All these Turolian species did not survive until the Pliocene. Schmidt-Kittler et al. (1995) list C. pentelici from Maramena (Serres Basin, Greece), which is dated, according to these authors, at the Turolian/Ruscinian boundary (MN 13/MN 14). This is probably one of the last occurrences of Choerolophodon pentelici.

Results and conclusion

The preliminary study of the proboscideans from the Late Miocene of Macedonia and Samos Island provided the following results:

  • The study of choerolophodons from the Axios Valley localities (which cover the whole Late Miocene) permitted the recognition of different evolutionary stages for the genus Choerolophodon. Moreover, the distinction at specific level was confirmed with the most primitive form belonging to C. anatolicus and the advanced one to C. pentelici. This allowed the taxonomic revision of the Late Miocene peri-Mediterranean choerolophodons.

  • At all studied localities, the dominant proboscidean is Choerolophodon. C. anatolicus was recognized at Pentalophos and characterizes the early Vallesian (MN 9). The most primitive form of C. pentelici is recognized at Xirochori, Ravin de la Pluie and Ravin des Zouaves 1 (late Vallesian, MN 10). The typical and advanced form of C. pentelici is traced at the localities Ravin des Zouaves 5, Vathylakkos 2, Prochoma, Dytiko 2, 3, Samos (old collections), Mytilinii-1B and Nikiti 2 (Turolian). Consequently, C. pentelici characterizes the late Vallesian-Turolian (MN 10-MN 13).

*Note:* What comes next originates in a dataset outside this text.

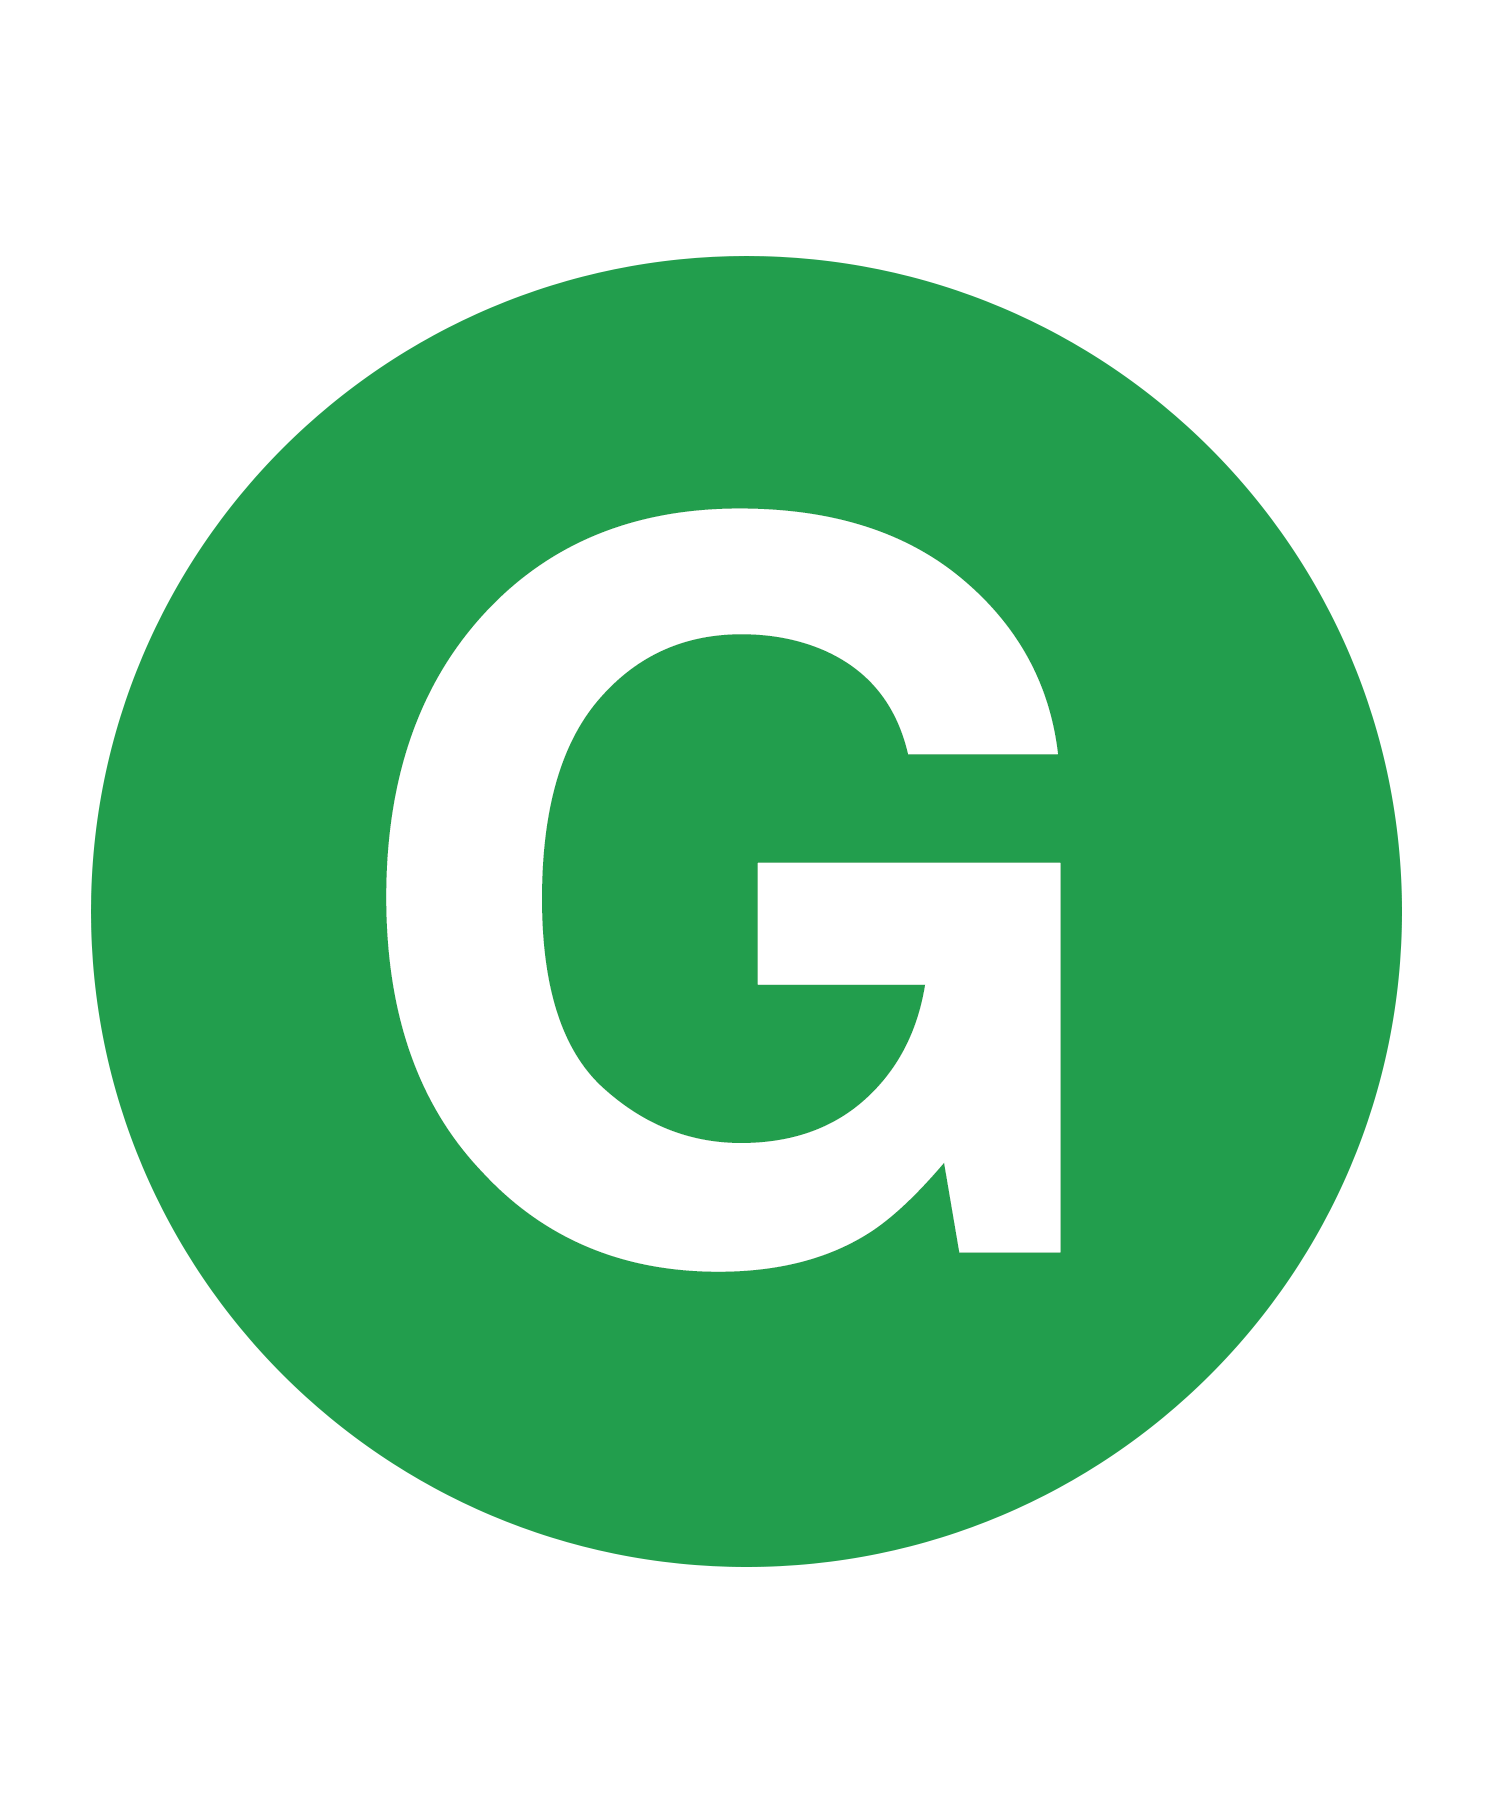 G Logo - G by Matthew Wiard on Dribbble / All of these g logo resources

  • The mammutid material from Ravin des Zouaves 5 (early Turolian, MN 11) and Mytilinii-1A (middle Turolian, MN 12) is attributed to “Mammut” sp.

  • T.atticus is rare and recognized only in Samos (old collections), thus only a general Turolian age can be assumed for the species. The type locality of the species, Pikermi, is dated to middle Turolian.

  • The deinotheres are represented by two species. Deinotherium giganteum was traced at the late Vallesian (MN 10) locality Ravin de la Pluie. Deinotherium gigantissimum is present only at Samos (old collections), thus only a general Turolian age can be assumed for the species.

  • During the Vallesian, three proboscidean species were present: C. anatolicus during the early Vallesian, and C. pentelici and D. giganteum during the late Vallesian. The absence of Tetralophodon at the Vallesian localities of Greece can probably be attributed to ecological reasons. The open environments of Southeastern Europe prohibited the migration of Tetralophodon in the area, whereas the more closed ecological conditions of Western and Central Europe were favourable for this elephantoid.

  • During the Turolian, four proboscidean species were recognized: C. pentelici, “Mammut” sp., “T.atticus and D. gigantissimum. The absence of the two latter species from the Turolian localities of Axios Valley is possibly attributed to limited sampling, as they are present in the neighbouring areas (e.g. Pikermi, Samos, Hadjidimovo).

New material from the broader region is needed to clarify the taxonomy, evolution and relationships, especially of the rarer proboscidean taxa. The study of the Pikermi material (AMPG) will probably shed more light on these issues. Moreover, several palaeoecological methods should be applied (e.g. dental microwear, isotope analysis) to understand the ecological niche of these proboscideans.